It’s kind of sad, the things you forget that you forgot. I am just now realizing how long I was sick before I got to the point where I even recognized something was seriously wrong. In July of 2005, my limbs pretty much stopped functioning in what seemed like a single moment that I’ll never forget. But prior to that, there were migraine headaches, chronic nausea and a host of other ailments that didn’t seem to be strung together tightly enough to possibly be one illness.
Today, I washed the kitchen floor on my hands and knees -- because I could. I cooked three different meals in a couple of hours -- because I could. I took an extra long time to do my hair even though it didn’t come out any better -- because I could. Everything is new. Maybe I used to do these things once upon a time, long ago, but I don’t remember. My “before Lyme” life is a blur. Perhaps it’s better I haven’t remembered it clearly all these years. Now, I am utterly amazed at least a dozen times a day. In between, I forget that anything is new, different or as incredible as it really is. I guess I’m too busy living.
As I plan for my doctor’s appointment next week, there is an obvious void to my routine. Usually a week before I see him, I start to compile a list, which is broken up into two parts: What got better and what got worse. I always try to even out the better and worse list but it’s not a fair game. My what got worse list always wins the length war. So far, I have nothing to put on it. I have zero things as of today serious enough to complain about. When I am brave enough to post my what got better list on this blog, I'll know I have let go of all of my fear that one day, I'll wake up and this will all be gone. Soon. Not yet though.
A wave of interest in embryonic stem cell therapy has greeted me home. I’m sharing my story and encouraging those who want to explore this option; but being brutally honest in the fact that it’s simply not for everyone. It’s not for those in a hurry, desperate for a “fix,” the weak at heart, or those who can’t put their princess tiaras or prince crowns aside to live simply. It’s not for those who will melt of culture shock, people not willing to grow emotionally as well as physically, or those with an adversity to chicken (you will never eat so much in your life). It is not for those, as much as I hate to say it, “too sick” to endure the traveling and inconveniences of living in another country. I feel a need to screen people for Dr. Geeta Shroff and Dr. Ashish. Having been through this experience, I can almost pick the “good candidates.” I know the person who will survive, and thrive. And, unfortunately, it’s not everyone. I’ve seen it.

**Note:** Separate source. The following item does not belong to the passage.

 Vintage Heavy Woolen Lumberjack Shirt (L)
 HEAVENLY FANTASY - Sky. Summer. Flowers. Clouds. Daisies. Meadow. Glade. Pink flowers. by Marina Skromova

I have a personal disclaimer now that reminds people there are no guarantees and even though I started to get better so fast, it usually takes much more time and patience. I want to wear a sign on my forehead like a weight loss commercial: Outcomes may vary. Results not typical. I am willing to be an example -- and even a shining one. I also want to be a reminder. Each person is on his or her own journey. I owned mine. I worked hard. I didn’t rush things. I was totally ready for whatever came. And in all honesty, I even had a buried fear it would be this -- the reality and responsibility of a “normal” life suddenly flooding my otherwise slow pace. Yep, I said it. I was scared to get better. Everyone who is sick knows what I am talking about, whether or not they’d ever admit it. I’ve realized this is all part of my journey -- talking about (or typing about) the good, bad and the ugly. I remember telling people who questioned my decision to do this, that someone had to go first (I was the first from the U.S. with Lyme Disease). I now know part of the reason beyond my own recovery. It seems that it takes the edge off the fear for those going second and third. It’s the passing of the torch, the borrowed bravery, the gentle hand on a frightened shoulder.
For those that I know heading to India now and possibly in the future, remember to embrace everything as it may come. Stay strong, but fall apart when you have to. And relax. The journey is all yours. Travel well and do it your way.
As for me, my alternate schedule of sleeping and eating is keeping me busy. I sleep better than I have in as long as I can recall (with no sleeping pills for the first time). I sleep long hours and take naps, but wake up rested. I eat too much and probably too much of some of the wrong things.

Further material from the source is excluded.